The data >>
----------

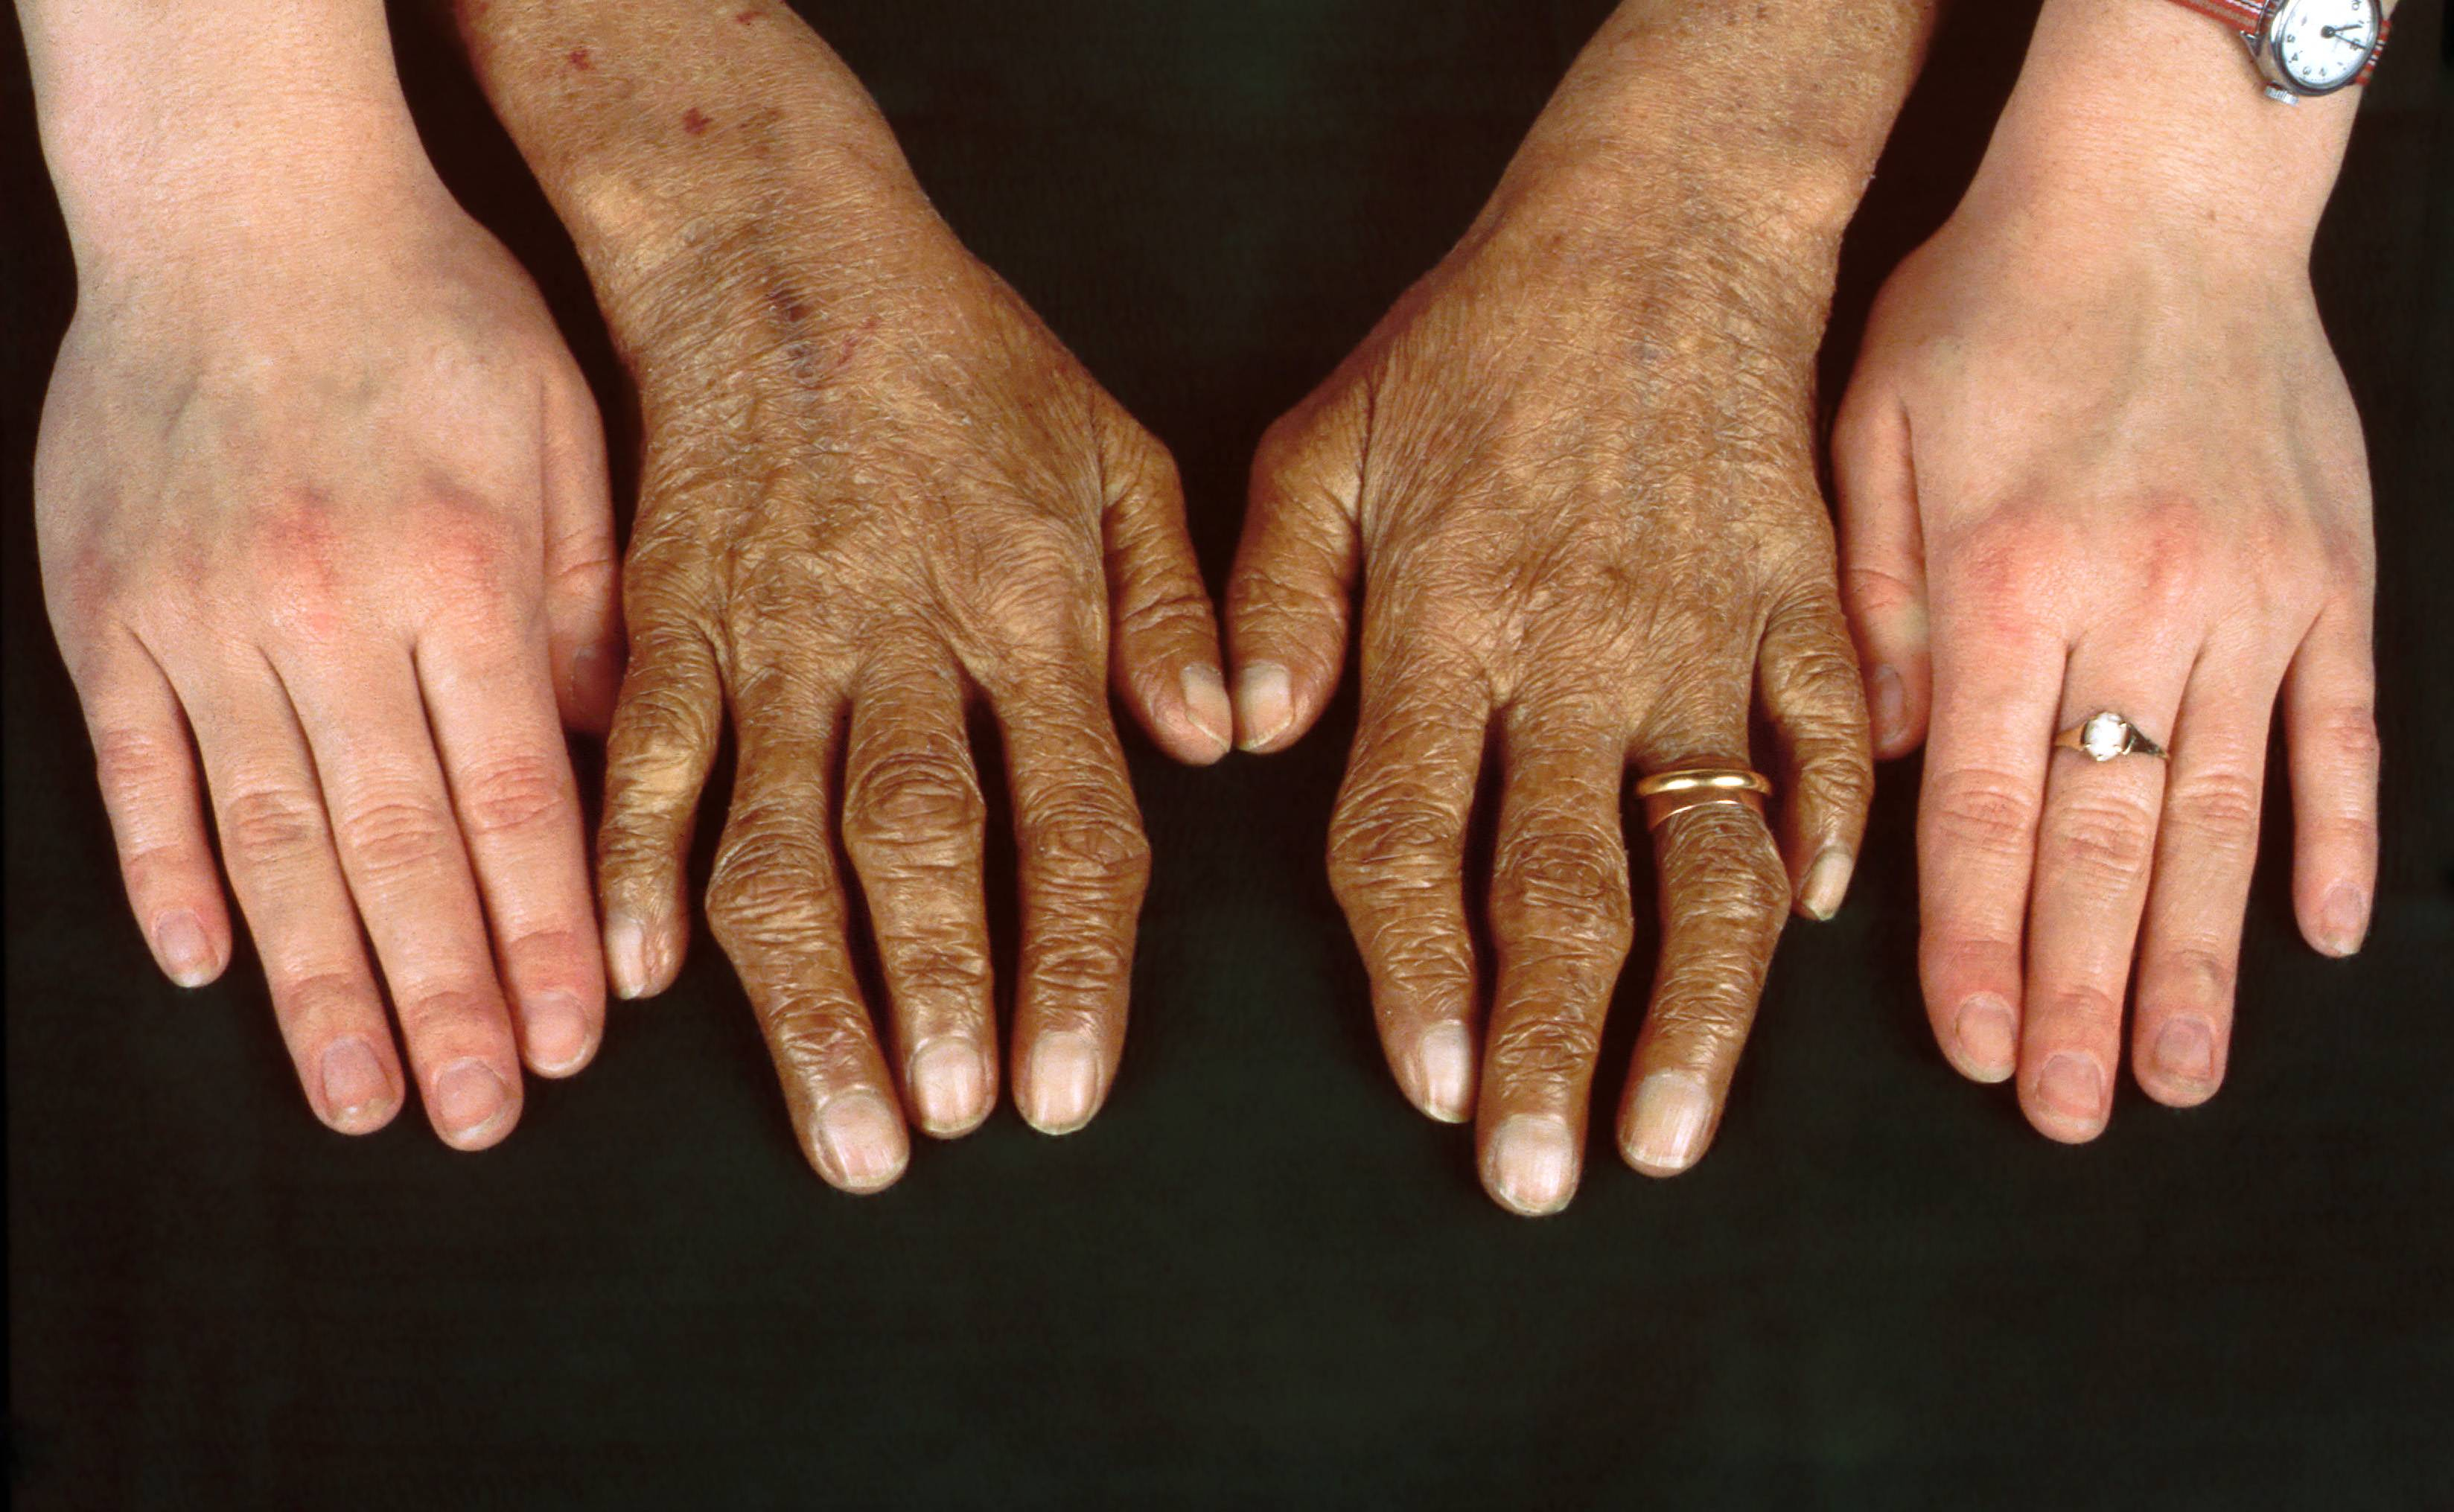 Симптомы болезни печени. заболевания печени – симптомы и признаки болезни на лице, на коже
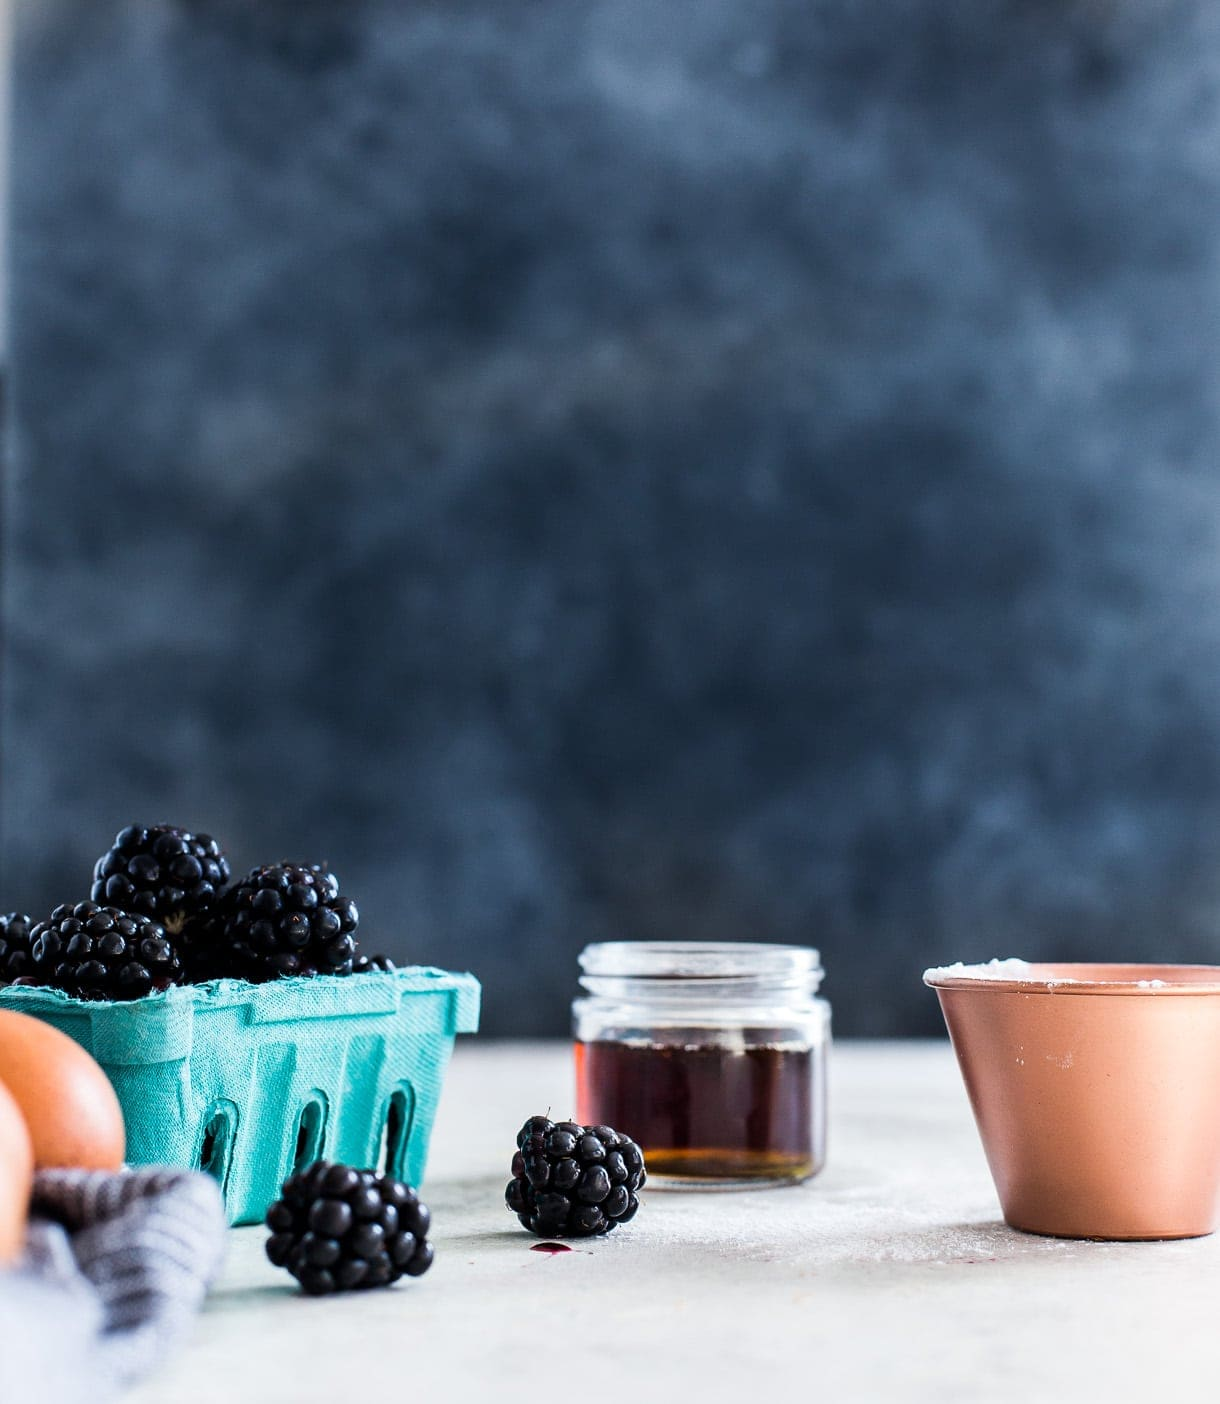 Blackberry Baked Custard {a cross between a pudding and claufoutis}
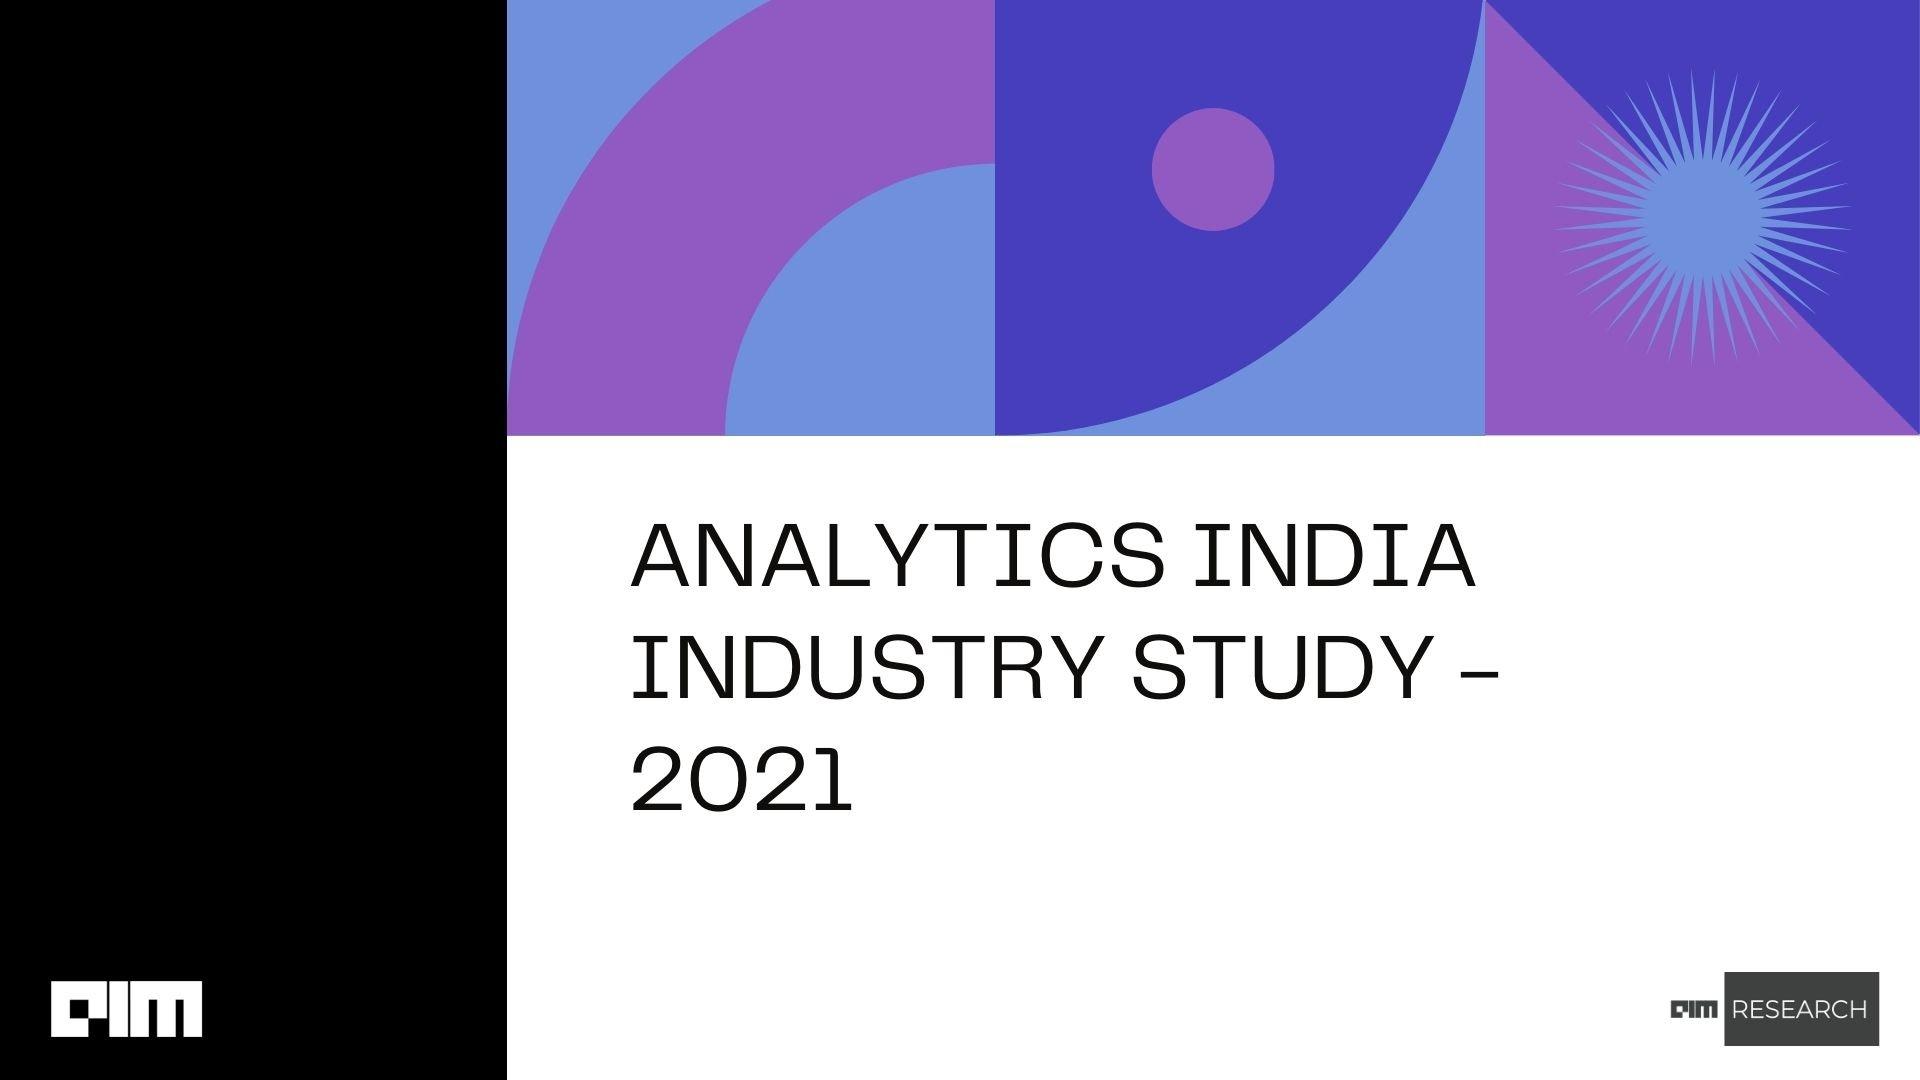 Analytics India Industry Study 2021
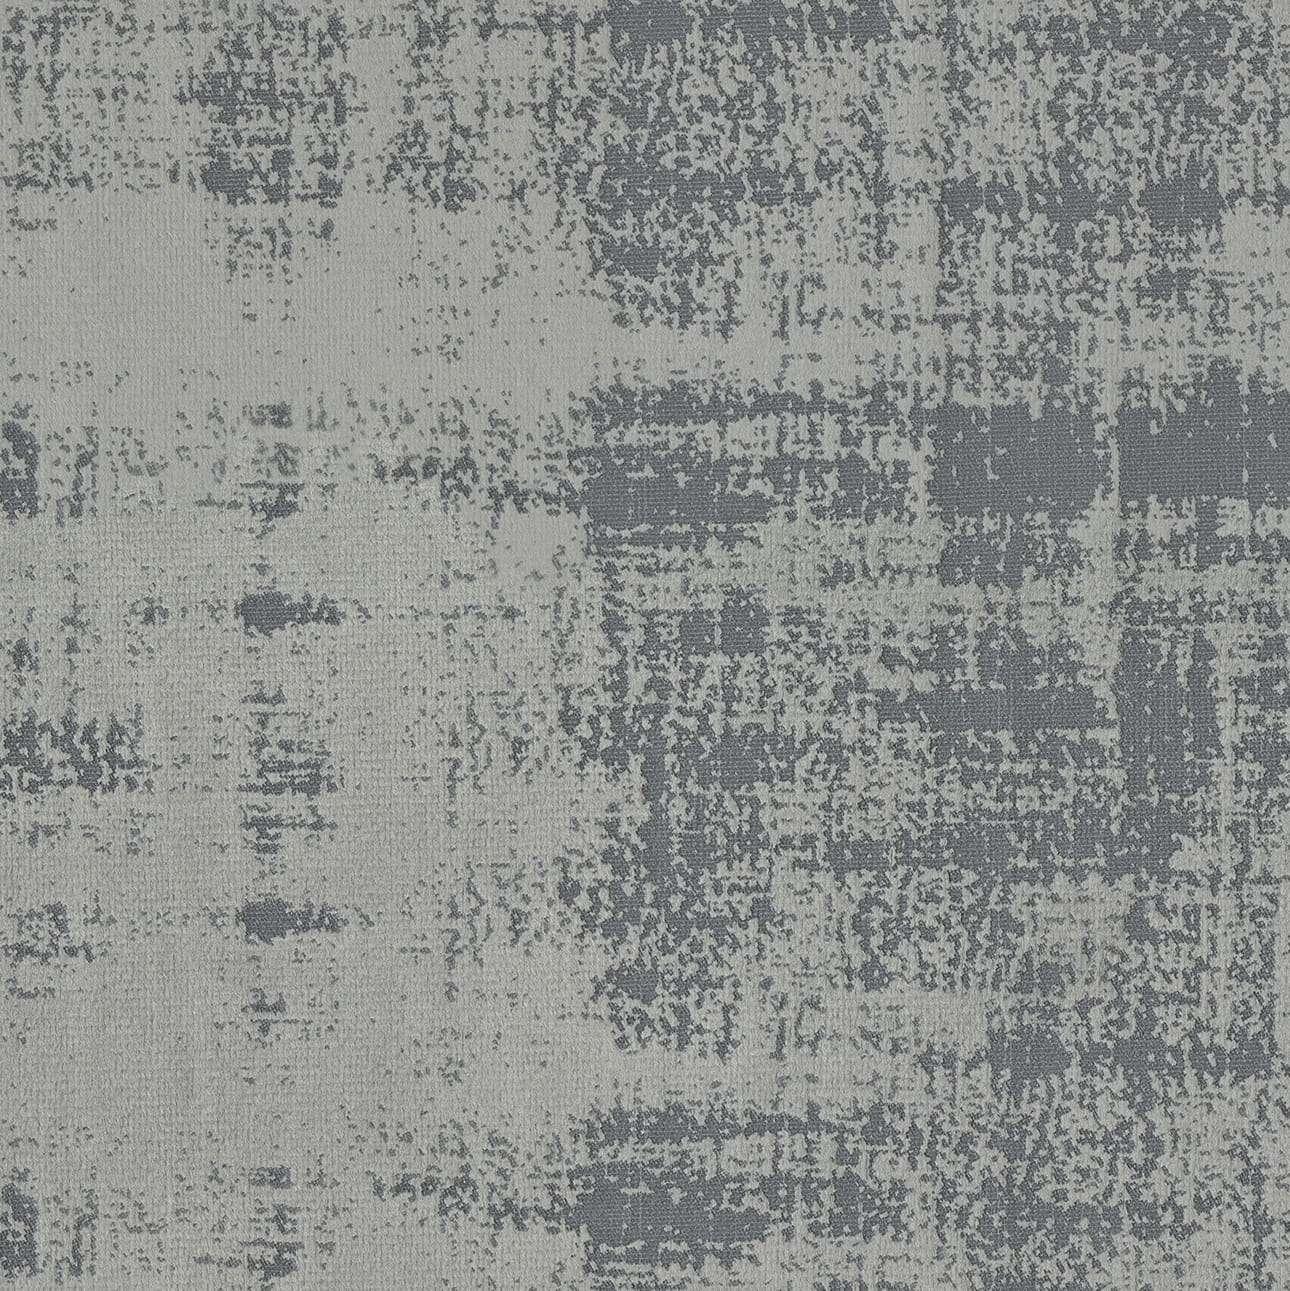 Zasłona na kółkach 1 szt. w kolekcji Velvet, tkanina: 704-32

----------

Exercise directions >> Print the complete listing exactly as it stands, without its pictures.

Answer below >>
 Симптомы болезни печени. заболевания печени – симптомы и признаки болезни на лице, на коже
 Blackberry Baked Custard {a cross between a pudding and claufoutis}
 Analytics India Industry Study 2021
 Zasłona na kółkach 1 szt. w kolekcji Velvet, tkanina: 704-32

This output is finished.